# The Newton Schulz iteration for matrix inversion

The Newton Schulz method is well-known, and the proof of convergence is widely available on the internet. Yet the derivation of the method itself is more obscure.
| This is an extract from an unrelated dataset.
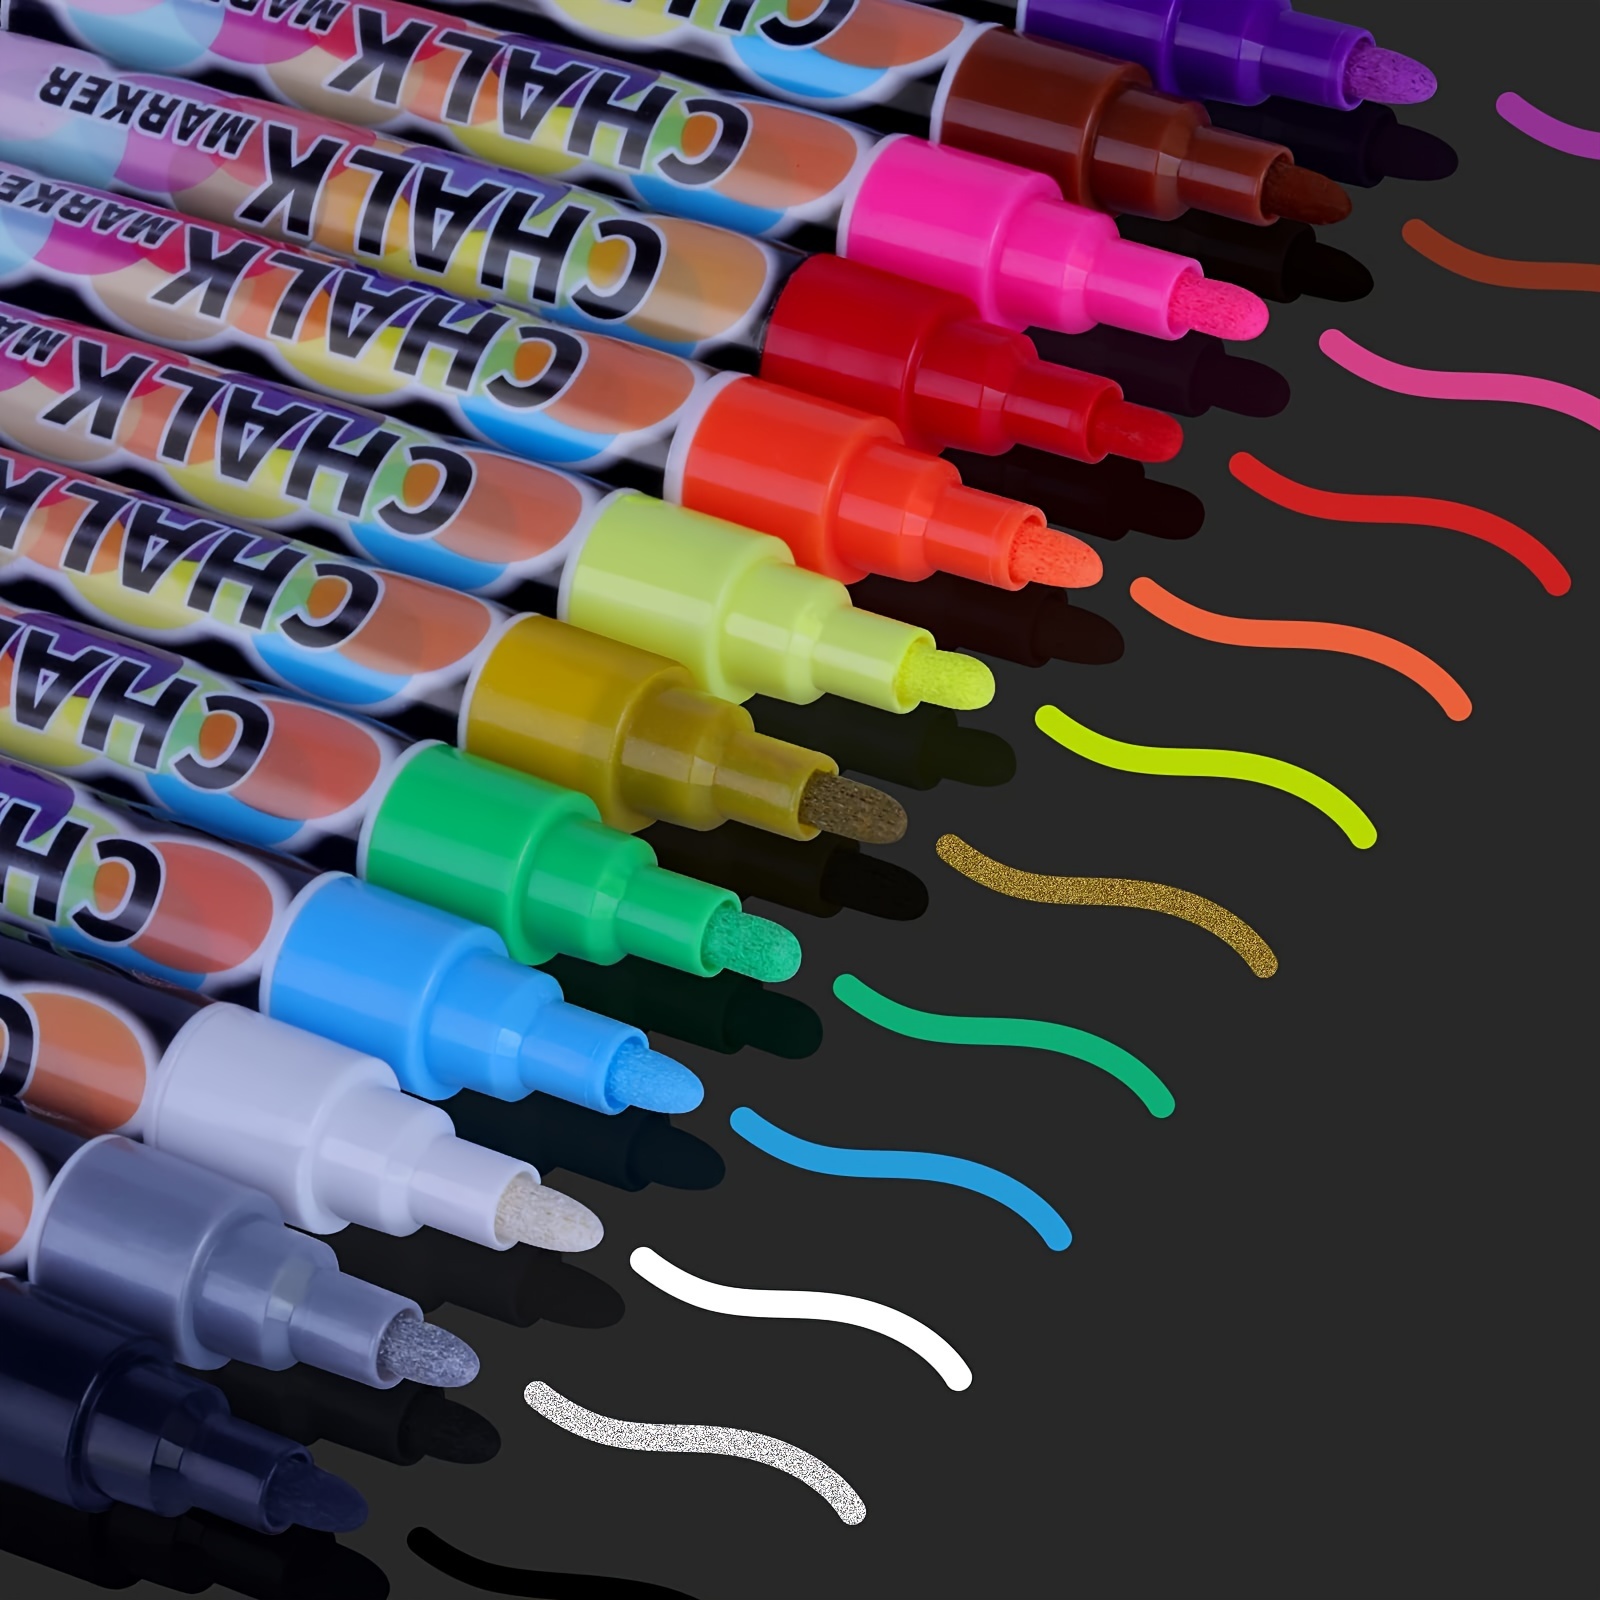 Window Marker 8 Pens,Liquid Chalk Markers,Erasable,Non Toxic,Chalk  Pen,Liquid Ink

Here it is:

We seek the zero of $f: \mathbb{R}^2 \rightarrow \mathbb{R}^2$, defined as follows: $\begin{array}{l} f(X) = X^{-1} - A. \end{array}$

The derivative of $f$ at $X$, applied to matrix $B$, operates on $B$ as follows: $\begin{array}{l} f'(X)[B] = -X^{-1} B X^{-1}. \end{array}$

We can prove that $f'^{-1}$ at $X$, applied to matrix $B$, operates on $B$ as follows: $\begin{array}{l} f'^{-1}(X)[B] = -X B X. \end{array}$

To see this, notice that $\begin{array}{l} B \\ = f'^{-1}(X)\Big[f'(X)[B]\Big] \\ = -X \Big[-X^{-1} B X^{-1}\Big] X \\ = B. \end{array}$

The Newton method for root finding has at each iterate: $\begin{array}{l} X_{t+1} \\ = X_t - f'^{-1}(X_t)\Big[f(X_t)\Big] \\ = X_t - f'^{-1}(X_t)\Big[X^{-1} - A\Big] \\ = X_t - X_t[X^{-1}_t-A] X_t \\ = X_t - [-X_t + X_t A X_t] \\ = 2 X_t - X_t A X_t \end{array}$